On December 8, 2015, two of Ferreira's employees were performing work at Ravenswood Tunnel when both were allegedly injured at the job site when the elevator they were riding in came to a sudden stop, forcing them to make an emergency exit.
The employees commenced actions against Con Edison, alleging that the injuries were "caused, created, permitted and allowed by reason of the carelessness, recklessness and negligence" of Con Edison. Con Edison sought insurance coverage as an additional insured under the Old Republic policy issued to Ferreira. In response, Old Republic commenced this declaratory action against Con Edison, asserting that Con Edison was not an additional insured for purposes of the personal injury actions because the presence of the Ferreira employees in the defective elevator was not caused in whole or in part by the acts or omissions of Old Republic's named insured Ferreira.
Old Republic moved for summary judgment. Con Edison opposed, asserting that summary judgment should be denied, as a question of fact existed concerning Ferreira's negligence and whether its actions were a proximate cause of the plaintiffs' injuries. Con Edison submitted a deposition of one of Ferreira's employees in which he stated that Ferreira knew that the subject elevator malfunctioned 10-12 times before the accident and that Ferreira received notice of the defect 30-35 times. He also stated that Ferreira's employees had an alternative way to access the work site by means of two provided ladder systems, but that Ferreira permitted its employees to continue using the elevator.
Supreme Court properly determined that plaintiff Old Republic had a duty to defend Con Edison as an additional insured, because there is a reasonable possibility that coverage for Con Edison, under the Old Republic policy, is implicated. The Court of Appeals has held that when an endorsement providing additional insured coverage, like here, "is restricted to liability for any bodily injury 'caused, in whole or in part,' by the 'acts or omissions' of the named insured, the coverage applies to injury proximately caused by the named insured," thus requiring a showing that the named insured's causal conduct was negligent or otherwise at fault (Burlington Ins. Co. v NYC Tr. Auth., 29 NY3d 313, 317 [2017] ). Such endorsement, the Court of Appeals explained, is "intended to provide coverage for an additional insured's vicarious liability or contributory negligence, and to prevent coverage for the additional insured's sole negligence" (id. at 326; see also Hanover Ins. Co. v Philadelphia Indem. Ins. Co., 159 AD3d 587, 587 [1st Dept 2018]; Pioneer Cent. Sch. District v Preferred Mut. Ins. Co., 165 AD3d 1646, 1646 [4th Dept 2018]).
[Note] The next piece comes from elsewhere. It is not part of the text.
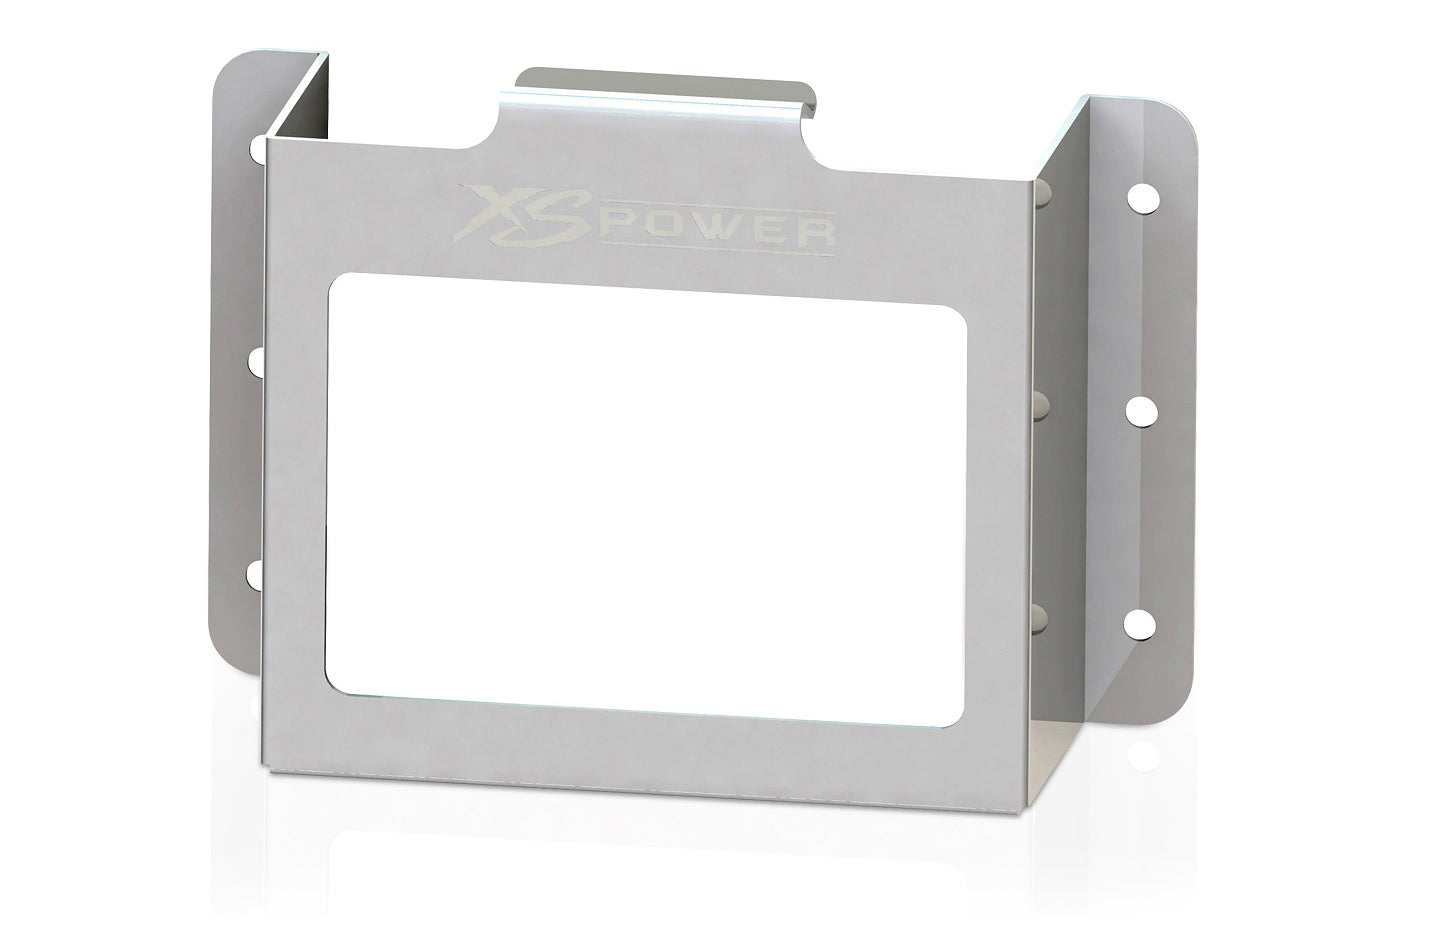 680 Series and XP750 Side Mount Box Window

Unlike Burlington, Hanover and Pioneer Central, where no liability was asserted against the named insured, here it is alleged that Ferreira knew that the subject elevator malfunctioned multiple times before the accident, that Ferreira received notice of the defective elevator, that there was an alternative means to access the work site, and that Ferreira nonetheless allowed its employees to continue to utilize the elevator. Since the underlying personal injury complaint here contains allegations that Ferreira was a proximate cause of the bodily injuries, Old Republic's duty to defend is triggered.
On this record, there are issues of fact as to whether Ferreira was solely or partially responsible for the accident (see Indian Harbor Ins. Co. v Alma Tower, LLC, 165 AD3d 549 [1st Dept 2018]). Accordingly, the issue of indemnification cannot be determined at this juncture (see Vargas v City of New York, 158 AD3d 523, 525 [1st Dept 2018]).
THIS CONSTITUTES THE DECISION AND ORDER OF THE SUPREME COURT, APPELLATE DIVISION, FIRST DEPARTMENT.